タンパク質分解ヒストンペプチドを分析するための LC-TIMS ToF MS/MS 分析法を開発するには、C-18 カラムを取り付けた HPLC と、独自のパッシブテクノロジーを備えた市販の TIMS ToF MS 装置を組み合わせます。次に、ナノエレクトロスプレーイオン化の動作条件を4、500ボルトのキャピラリー電圧、800ボルトのエンドプレートオフセット、3バールのネブライザー圧力、毎分10リットルの乾燥ガス、および200°Cのドライヒーターに設定します。MS 設定を 6 電子ボルトのコリジョンエネルギー、1200 VPP のコリジョン RF、75 マイクロ秒の転送時間、5 マイクロ秒のプレパルス保存に設定します。
注入量を 20 マイクロリットル(サンプルの 8 マイクログラムに相当)に調整し、流量を毎分 0.4 ミリリットルに設定します。指定したグラジエントタイムラインと 0.1%ギ酸の割合でアセトニド試験に入った後、両方のポップアップボックスで[OK]を選択してメソッドを保存します。水とアセトニトリル(いずれも 0.1% ギ酸を含む)を使用して 60 分間の非線形 LC グラジエントを実行します。
陽イオン化モードでのナノエレクトロスプレーイオン化により、HPLCからTIMS ToFへのサンプル溶出を検証します。MS-Digest ツールでペプチド配列と修飾部位を同定するには、Protein Prospector を使用してペプチドの理論リストを生成します。次に、消化条件、翻訳後修飾の種類、ペプチドサイズ範囲、質量検出範囲、および切断の欠落の潜在的な数を考慮して、理論的な消化を行います。
取得したデータを解析するには、各理論ペプチドについて、プラス 1 からプラス 4 までの複数のチャージ状態で質量を検索します。各質量電荷比を特定したら、ピークを選択し、ペプチド配列に基づくフラグメンテーションイオンの理論リストを使用して MSMS を確認します。翻訳後修飾を含む。
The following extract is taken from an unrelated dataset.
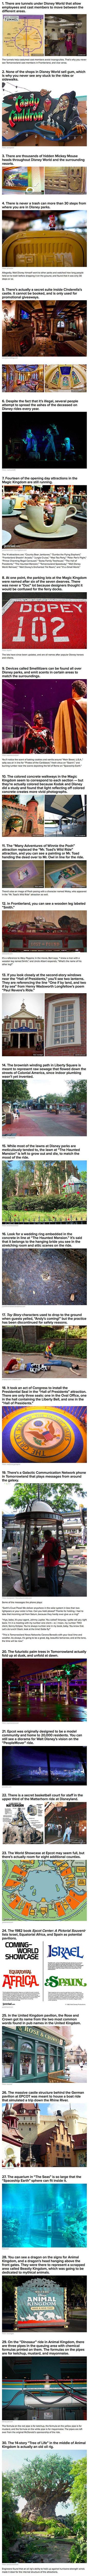 Disney has done it again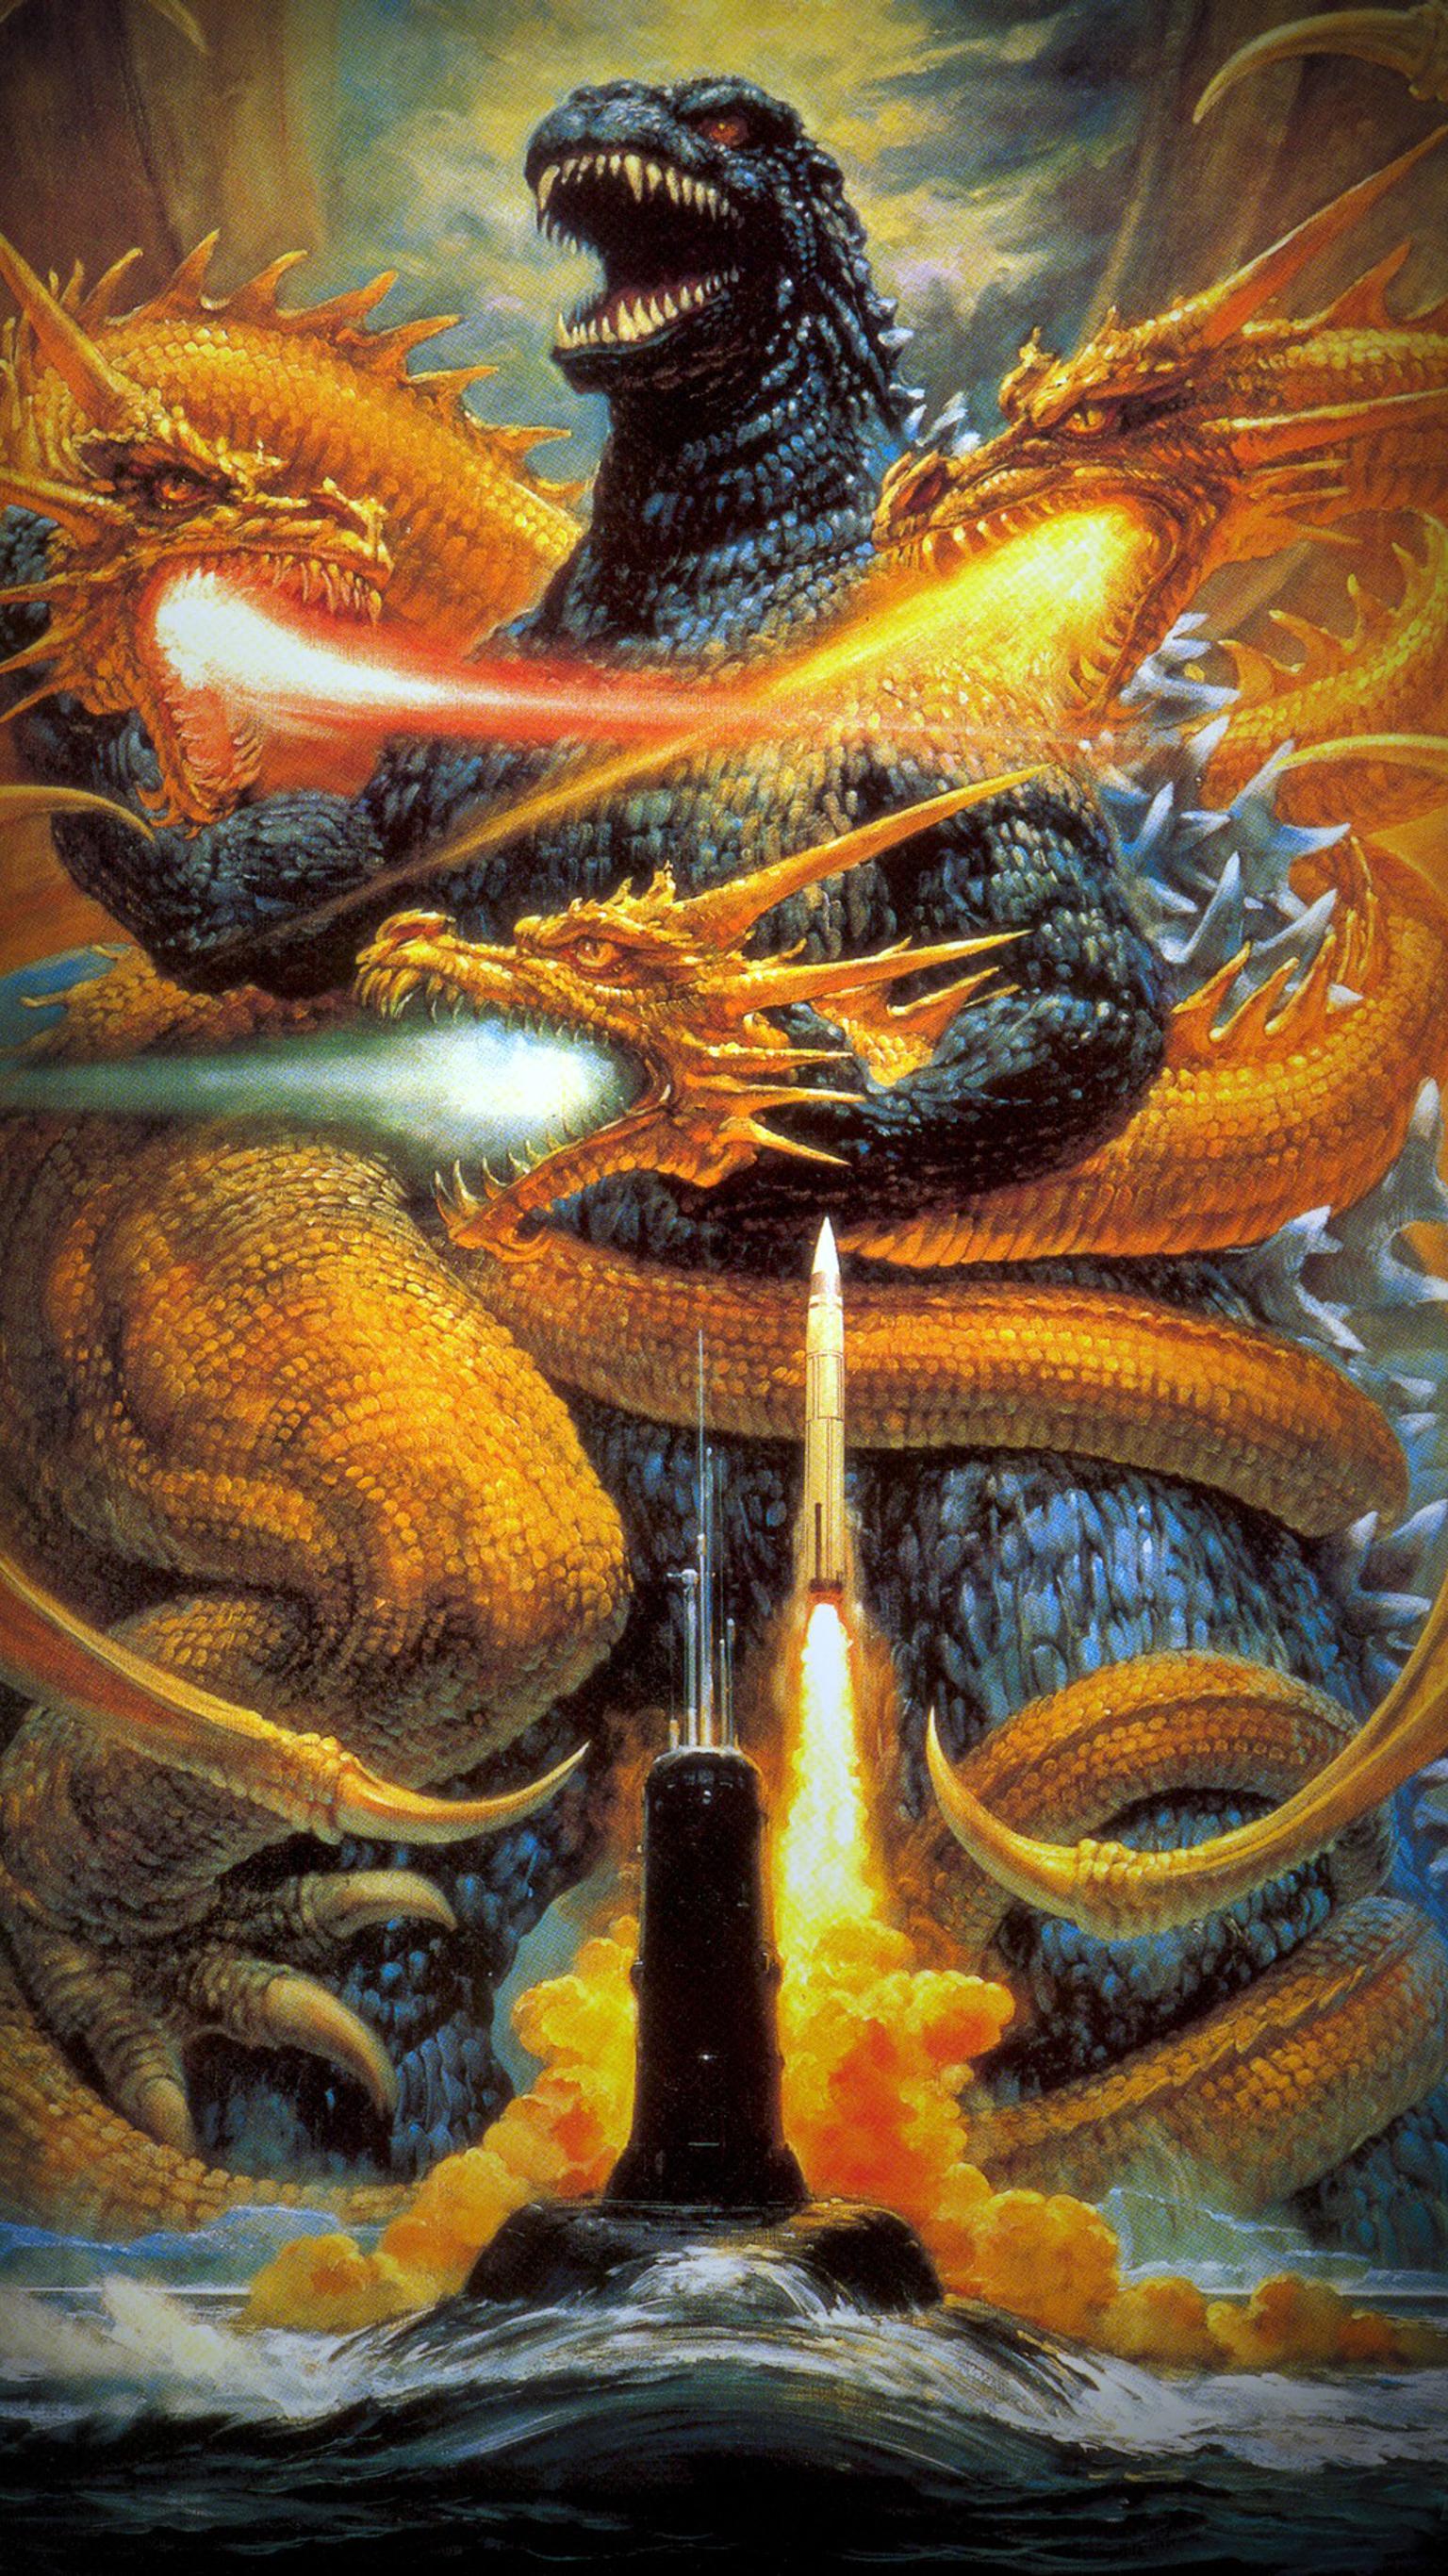 Godzilla vs King Ghidorah 1991 Phone Wallpaper Moviemania 1536x2732

ペプチドのフラグメンテーションスペクトルにより、プロピオニル基やアセチル基など、さまざまな転写後修飾を持つ 3 つの異なるペプチド変異体が異なる位置にあることが明らかになりました。プロピオニル化ヒストン H3 標準試料は、非修飾バージョンよりも長いペプチドを示しました。HeLa S3細胞から抽出したヒストンは、同じアミノ酸位置で複数の翻訳後修飾パターンを示しました。